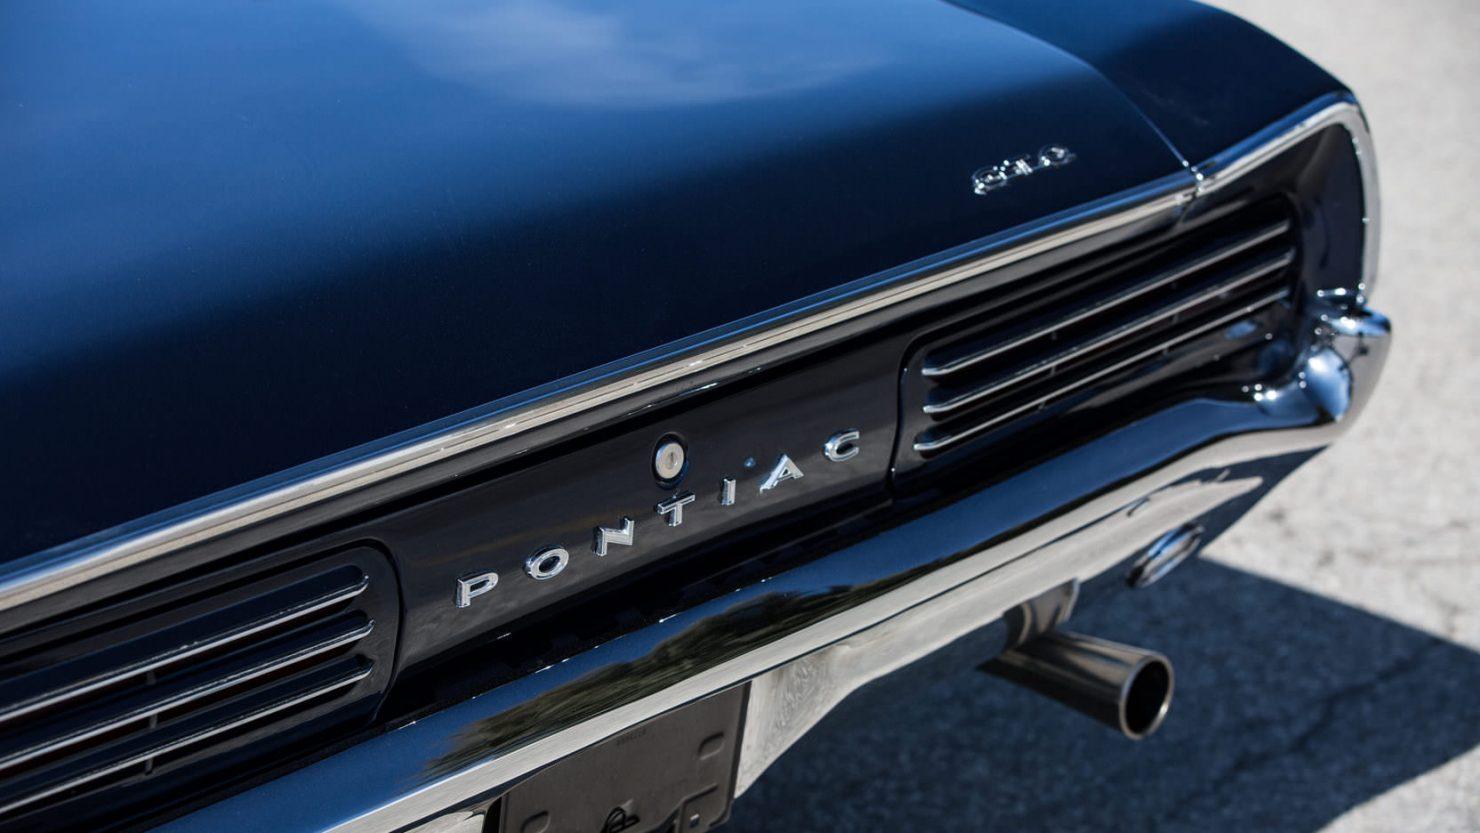 Pontiac GTO Tri Power 10 1480x833 - 1966 Pontiac GTO Tri-Power
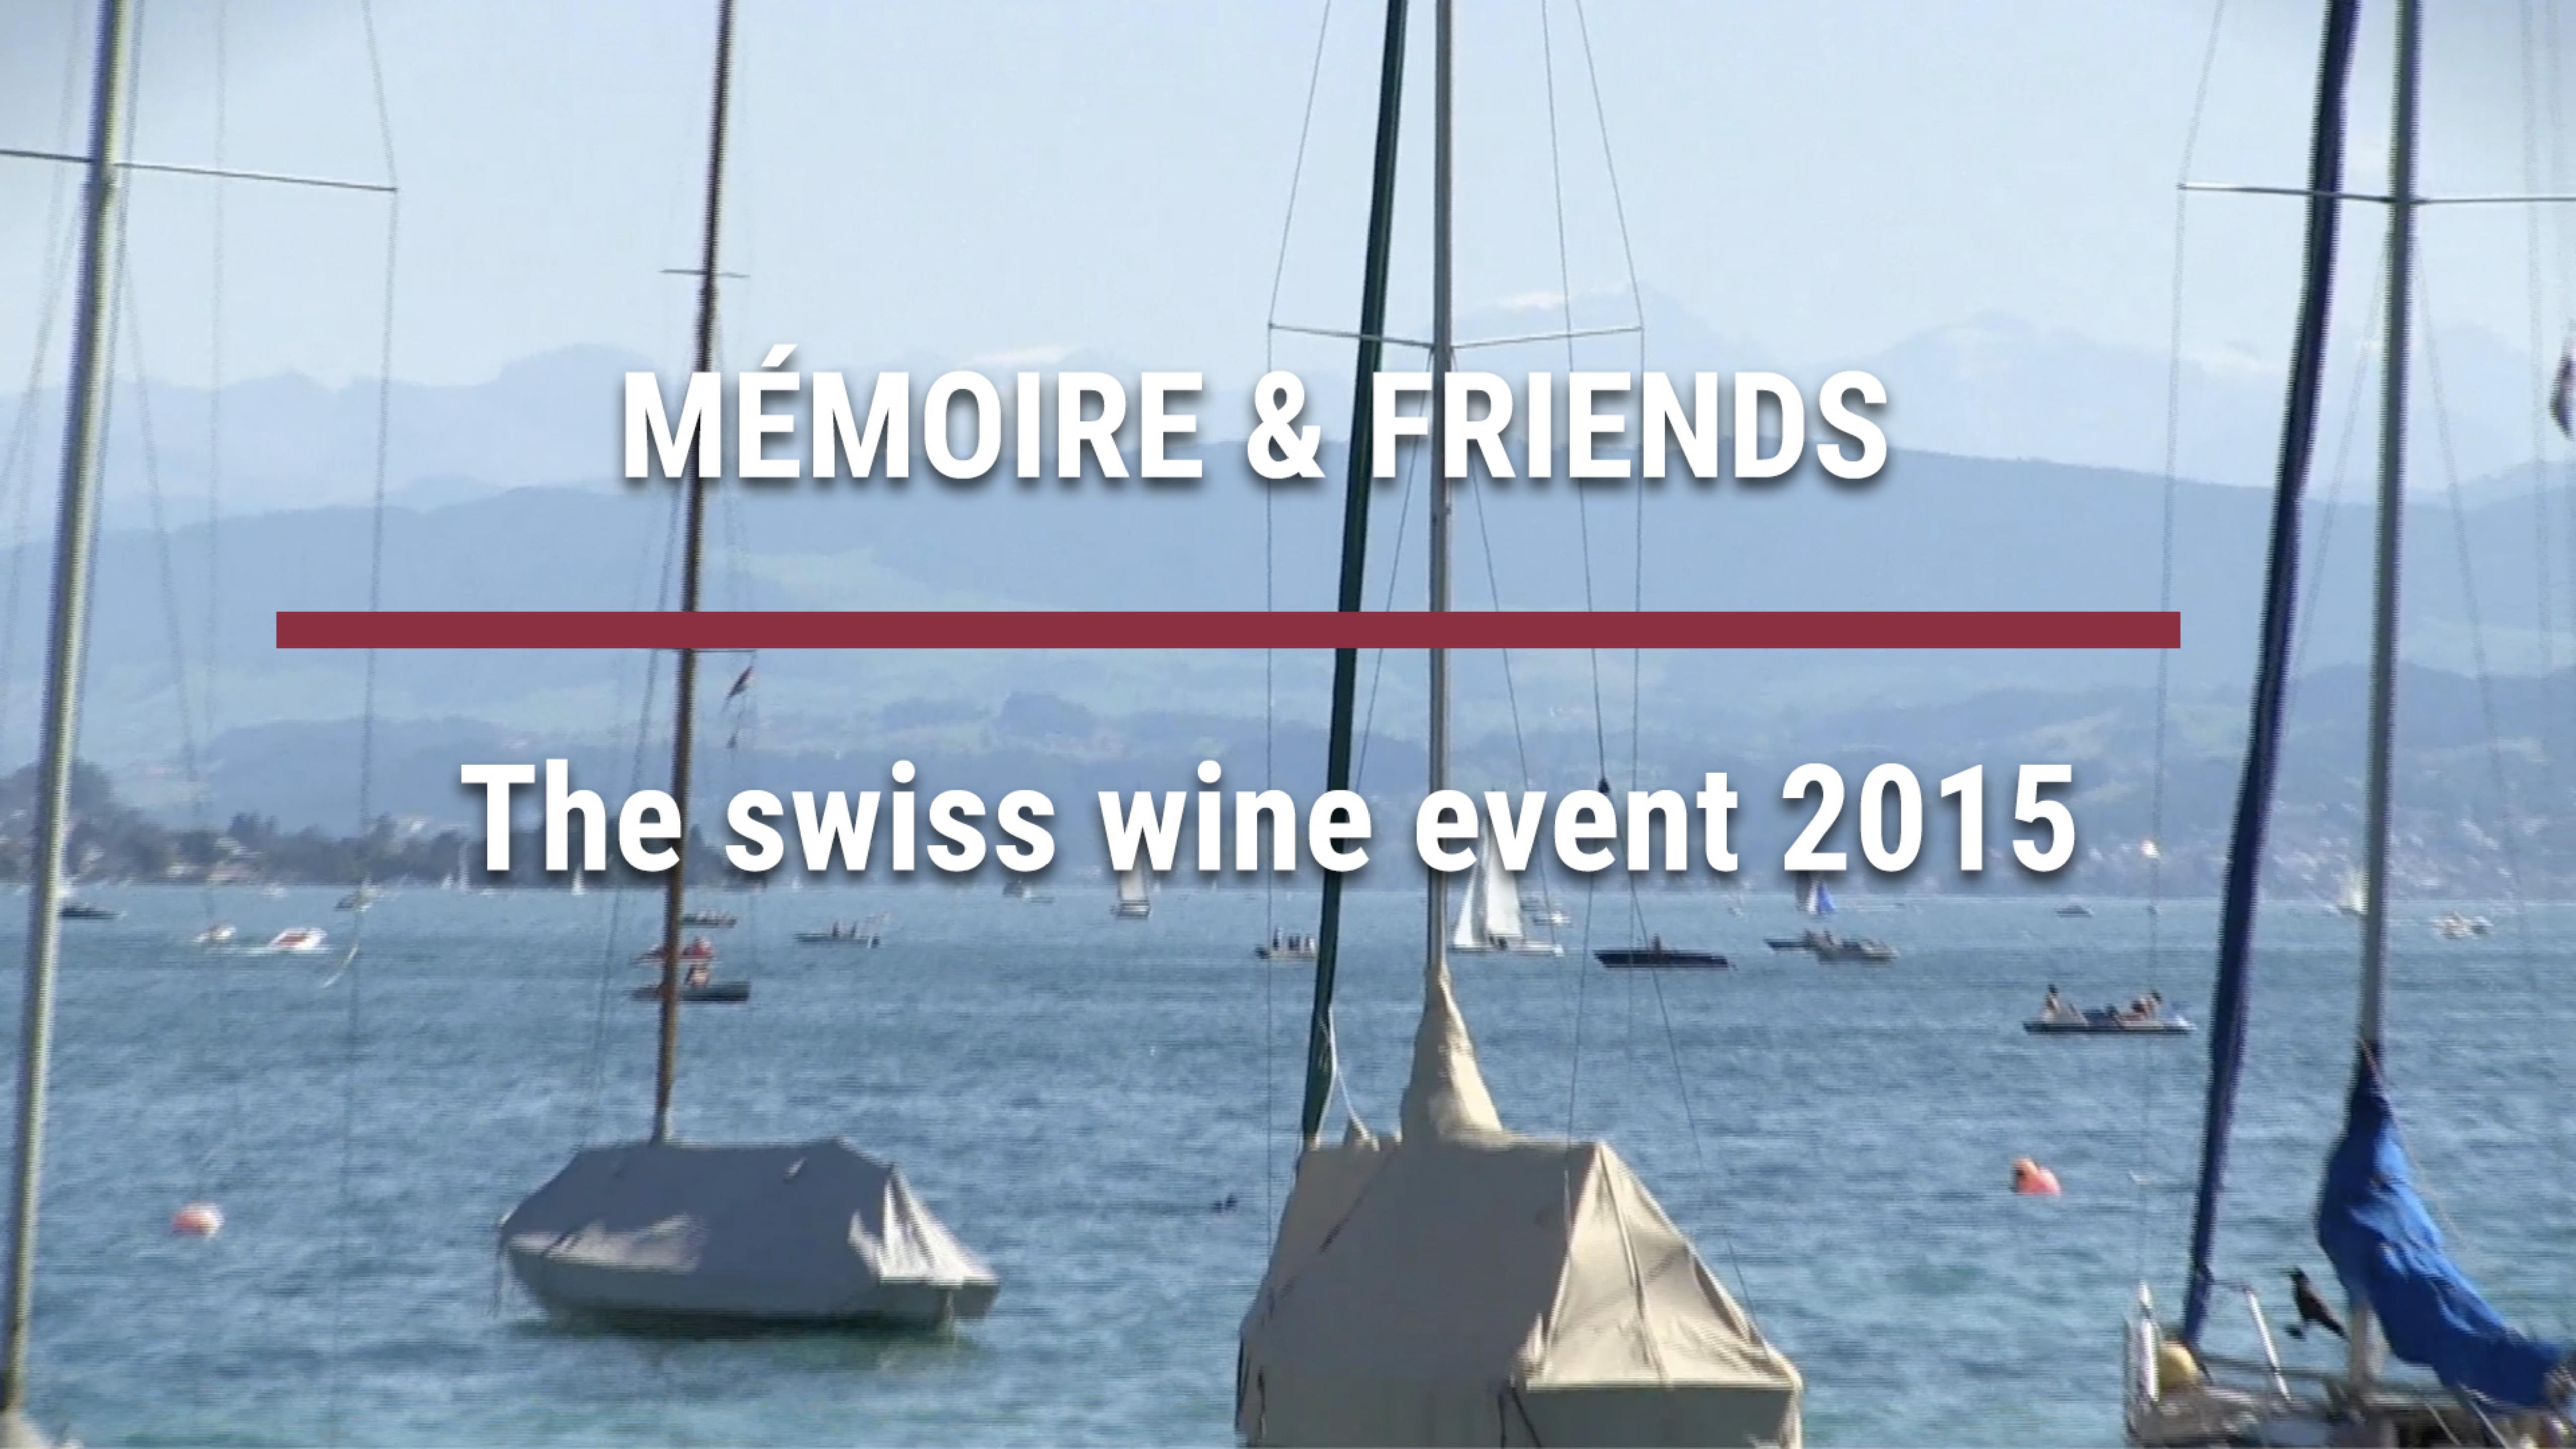 MÉMOIRE & FRIENDS – The swiss wine event 2015
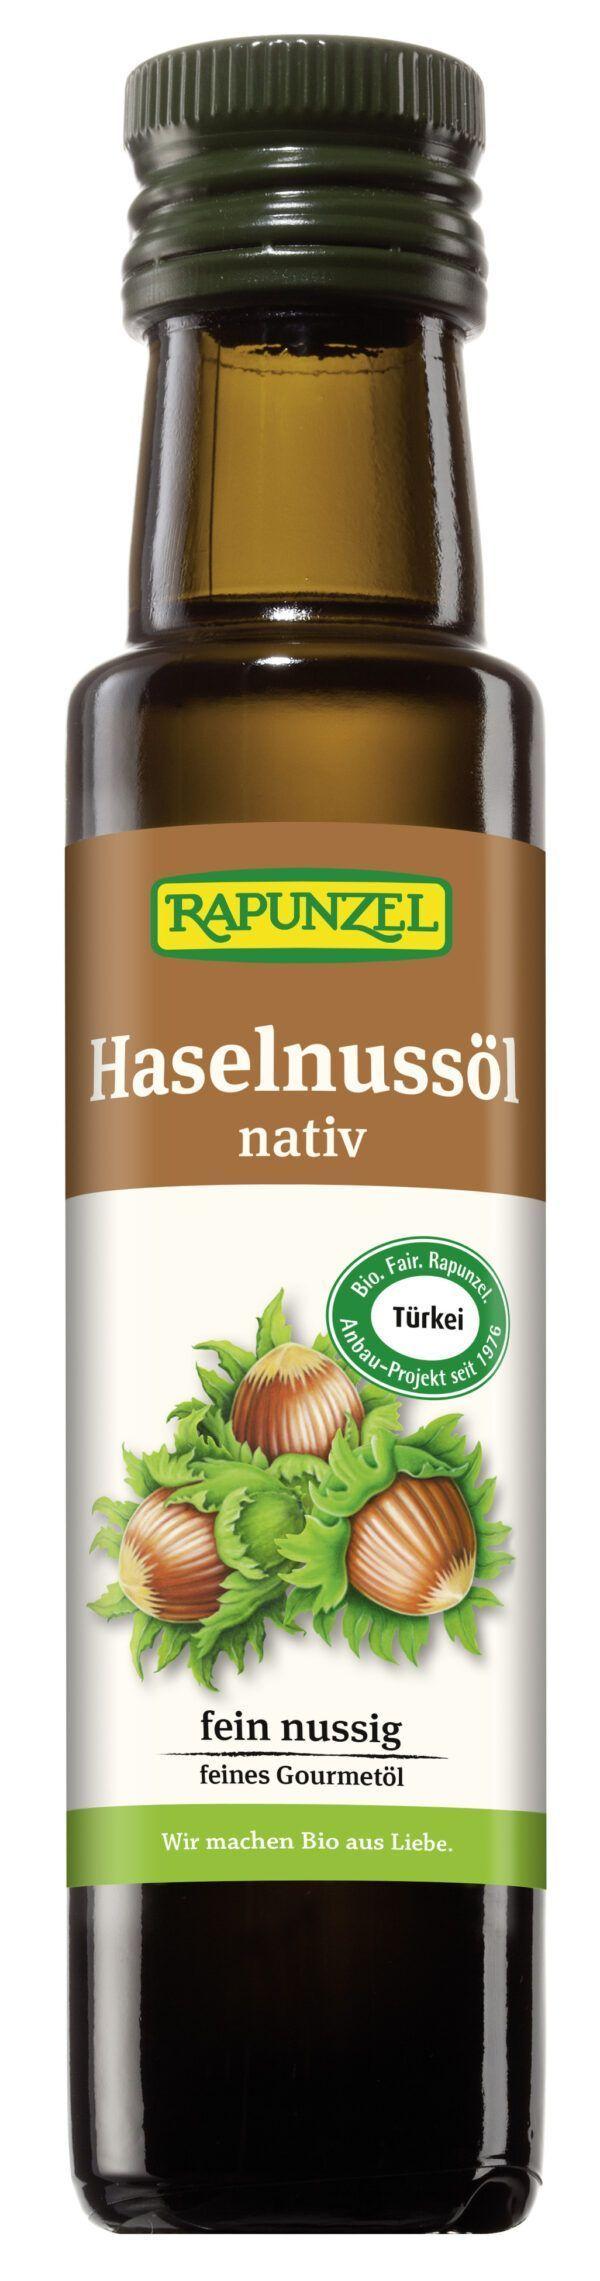 Rapunzel Haselnussöl nativ, Projekt 4x100ml

PROBLEM STATEMENT: When copying, output the data exactly and leave out the pictures.

SOLUTION TO THE EXERCISE:
 Pontiac GTO Tri Power 10 1480x833 - 1966 Pontiac GTO Tri-Power
 MÉMOIRE & FRIENDS – The swiss wine event 2015
 Rapunzel Haselnussöl nativ, Projekt 4x100ml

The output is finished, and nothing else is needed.